On Behalf of | Feb 10, 2016 | Grandparents' Rights |

Determining the best interests of a child in Minnesota is not limited to a parent’s custody and participation in their lives. State law also grants grandparent visitation after divorces, under certain circumstances.

A minor child’s grandparent may petition a court for visitation rights if the child lived with the grandparent for at least one year and the child’s parents removed the child from the home. A court must grant the grandparent’s petition seeking visitation if it finds, by clear and convincing evidence, that visitation rights would be in the child’s best interest. Also, visitation cannot interfere with the relationship between the child and the parent.

Courts, while addressing the child’s best interest, place emphasis on encouraging the continuation of a lasting bond between the grandparent and the child.
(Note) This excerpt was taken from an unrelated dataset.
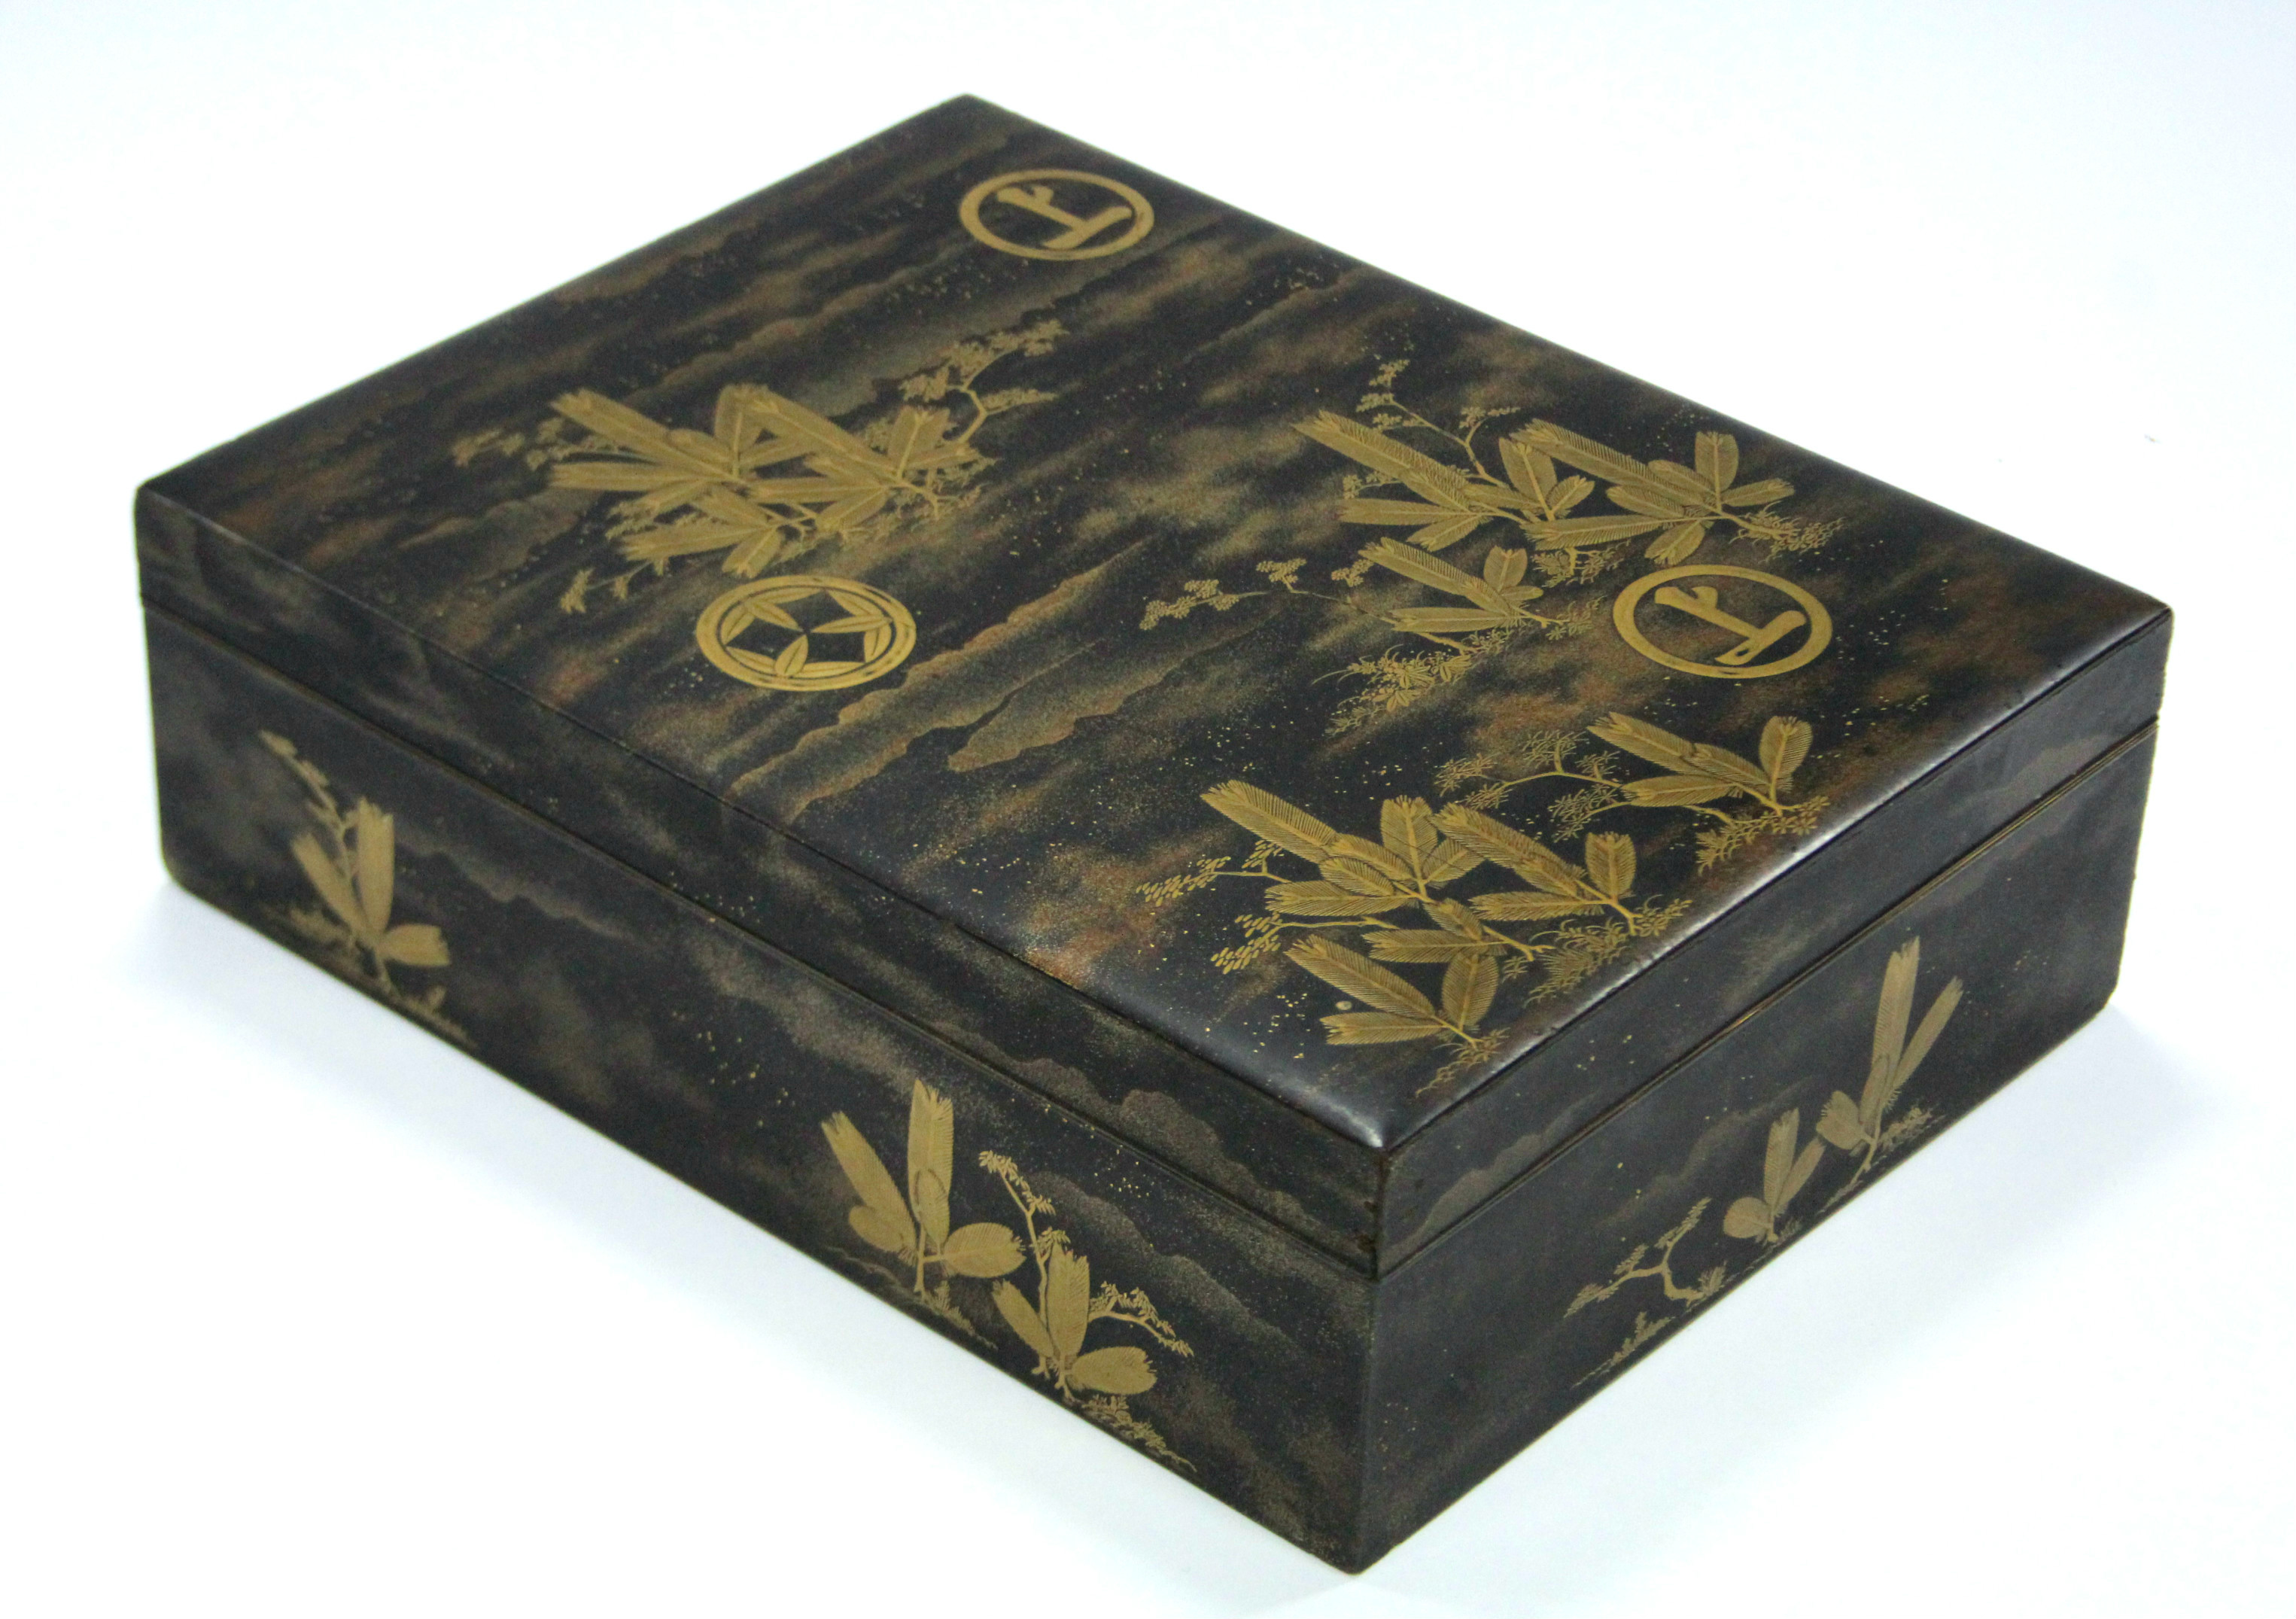 A JAPANESE LACQUER RECTANGULAR BOX with removable lid, the exterior & interior decorated in

Courts also want to encourage a sense of security for the child.

Courts may review certain facts to determine whether visitation would interfere with the parent-child relationship. These include the suitability of the grandparent’s home for visits, the quality of previous visits, whether the child had behavioral problems after visits with their grandparents and the amount of proposed time for visitation.

Last summer, the Minnesota Court of Appeals issued an unpublished decision reversing a lower court ruling that additional visits by the grandmother of her two grandchildren was not in their best interest and would interfere with their relationship with their father. It found that her visits did not interfere with the children’s relationship with their father because there was insufficient evidence that she criticized their father, the grandmother provided a stable and secure environment when the father and children lived with her, there was no evidence that the grandmother would not discipline the children and that the grandmother played an important role in their lives.